PGVector is an open-source extension for PostgreSQL that allows you to store and search vector data alongside your regular database information.
This notebook shows how to use functionality related to PGVector, implementing LangChain vectorstore abstraction using postgres as the backend and utilizing the pgvector extension.
from dotenv import load_dotenv
load_dotenv(override=True)
True
What is PGVector?
PGVector is a PostgreSQL extension that enables vector similarity search directly within your PostgreSQL database, making it ideal for AI applications, semantic search, and recommendation systems.
This is particularly valuable for who already use PostgreSQL who want to add vector search capabilities without managing separate infrastructure or learning new query languages.
Features :
Native PostgreSQL integration with standard SQL queries
Multiple similarity search methods including L2, Inner Product, Cosine
Several indexing options including HNSW and IVFFlat
Support for up to 2,000 dimensions per vector
ACID compliance inherited from PostgreSQL
Advantages :
Free and open-source
Easy integration with existing PostgreSQL databases
Full SQL functionality and transactional support
No additional infrastructure needed
Supports hybrid searches combining vector and traditional SQL queries
Disadvantages :
Performance limitations with very large datasets (billions of vectors)

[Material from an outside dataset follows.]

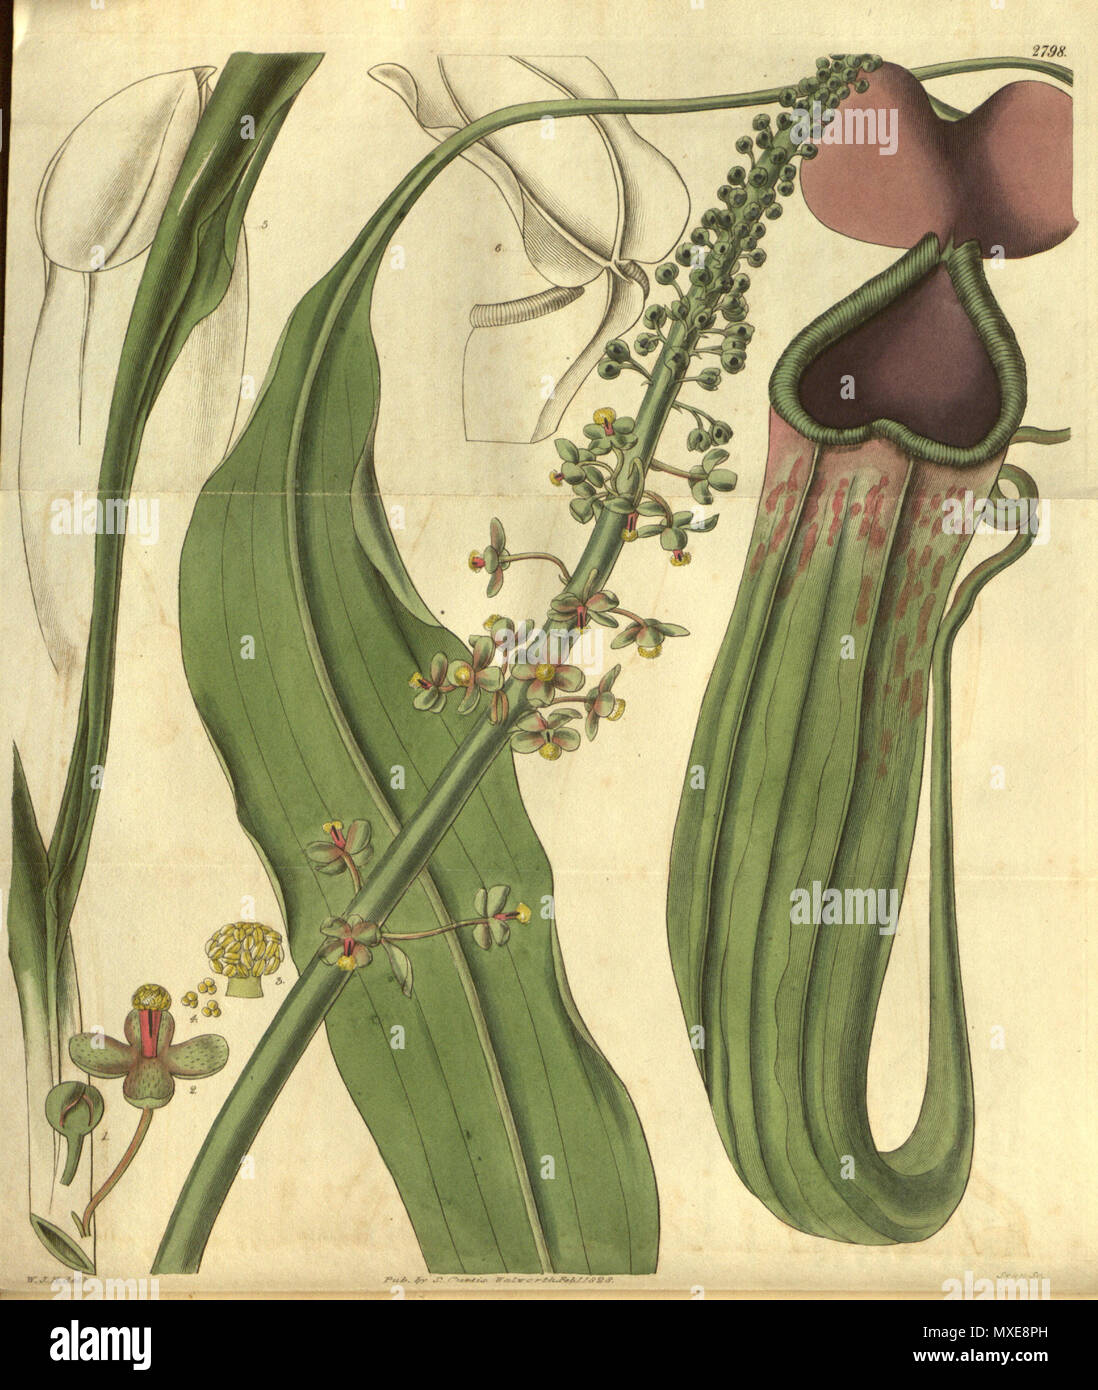 441 Nepenthes khasiana - Curtis’s Botanical Magazine (1828) Stock Photo
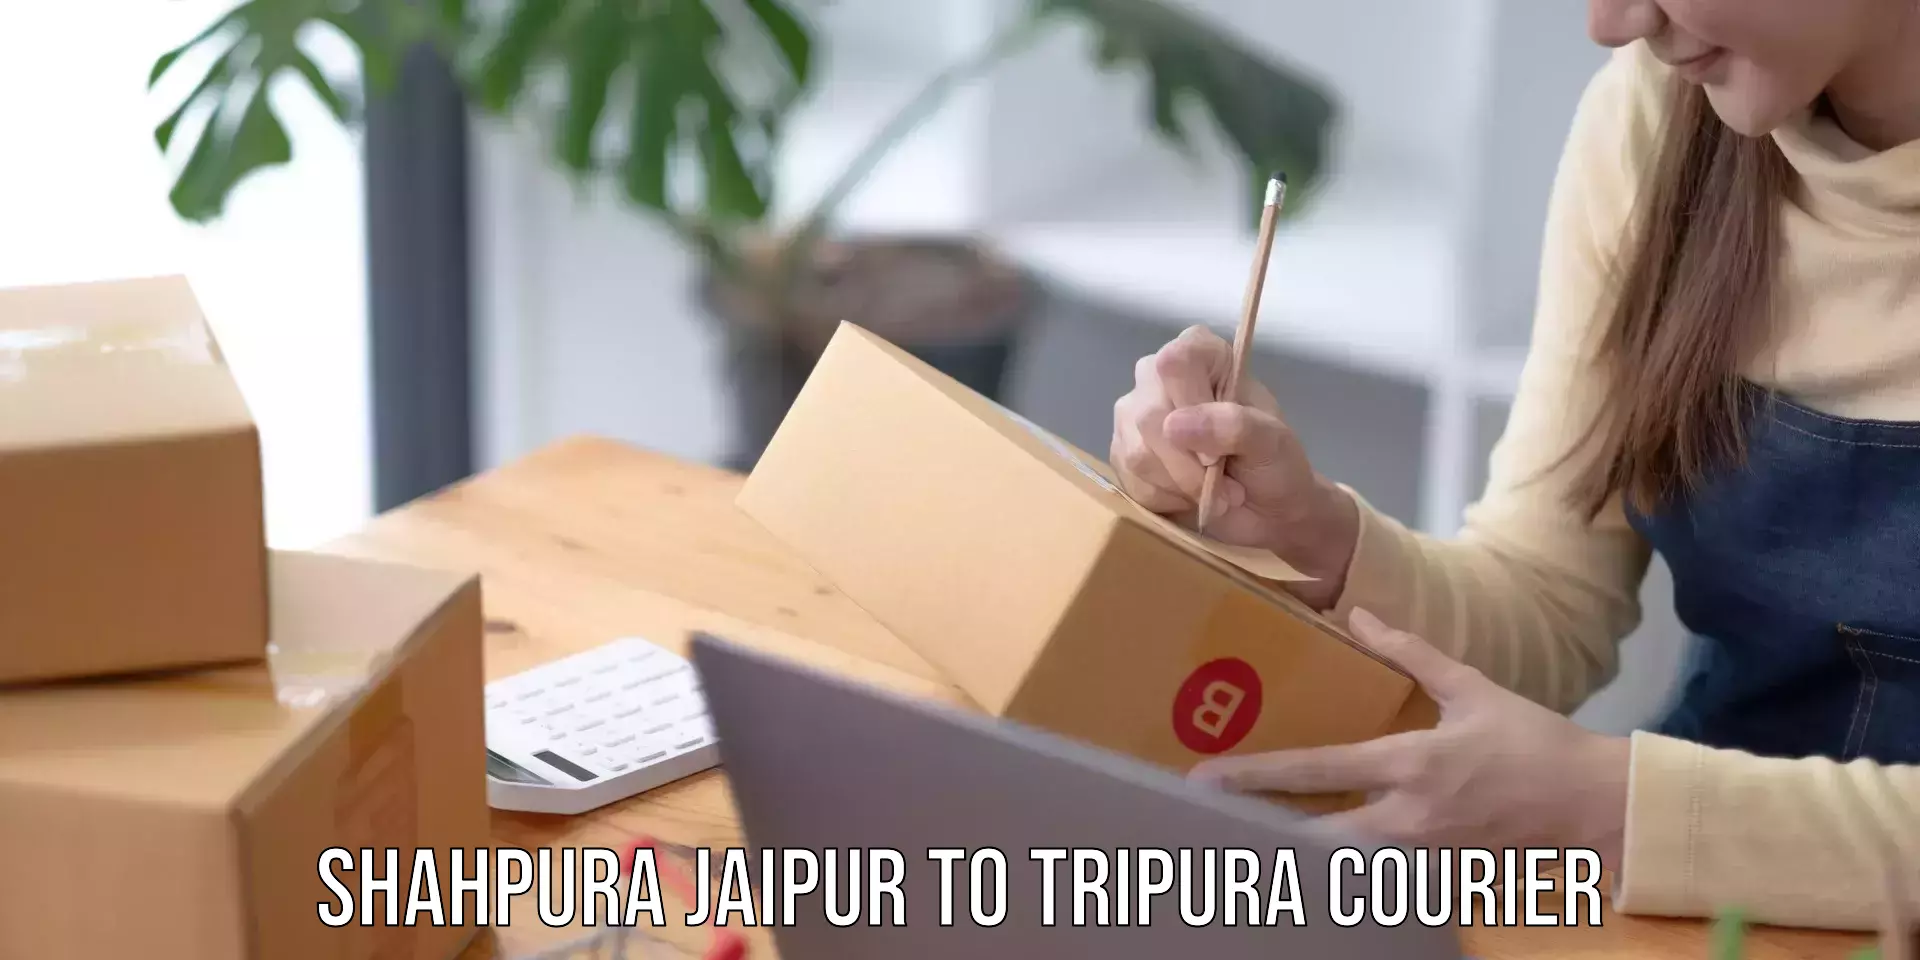 Courier service partnerships Shahpura Jaipur to Tripura

Limited to single-node deployment
Memory-intensive for large vector dimensions
Requires manual optimization for best performance
Less specialized features compared to dedicated vector databases
Set up PGVector
If you are using Windows and have installed postgresql for Windows, you are required to install vector extension for postgresql. The following may help Install pgvector on Windows.
If you are successfully running the pgvector container, you can use pgVectorIndexManager from pgvector_interface in utils directory to handle collections.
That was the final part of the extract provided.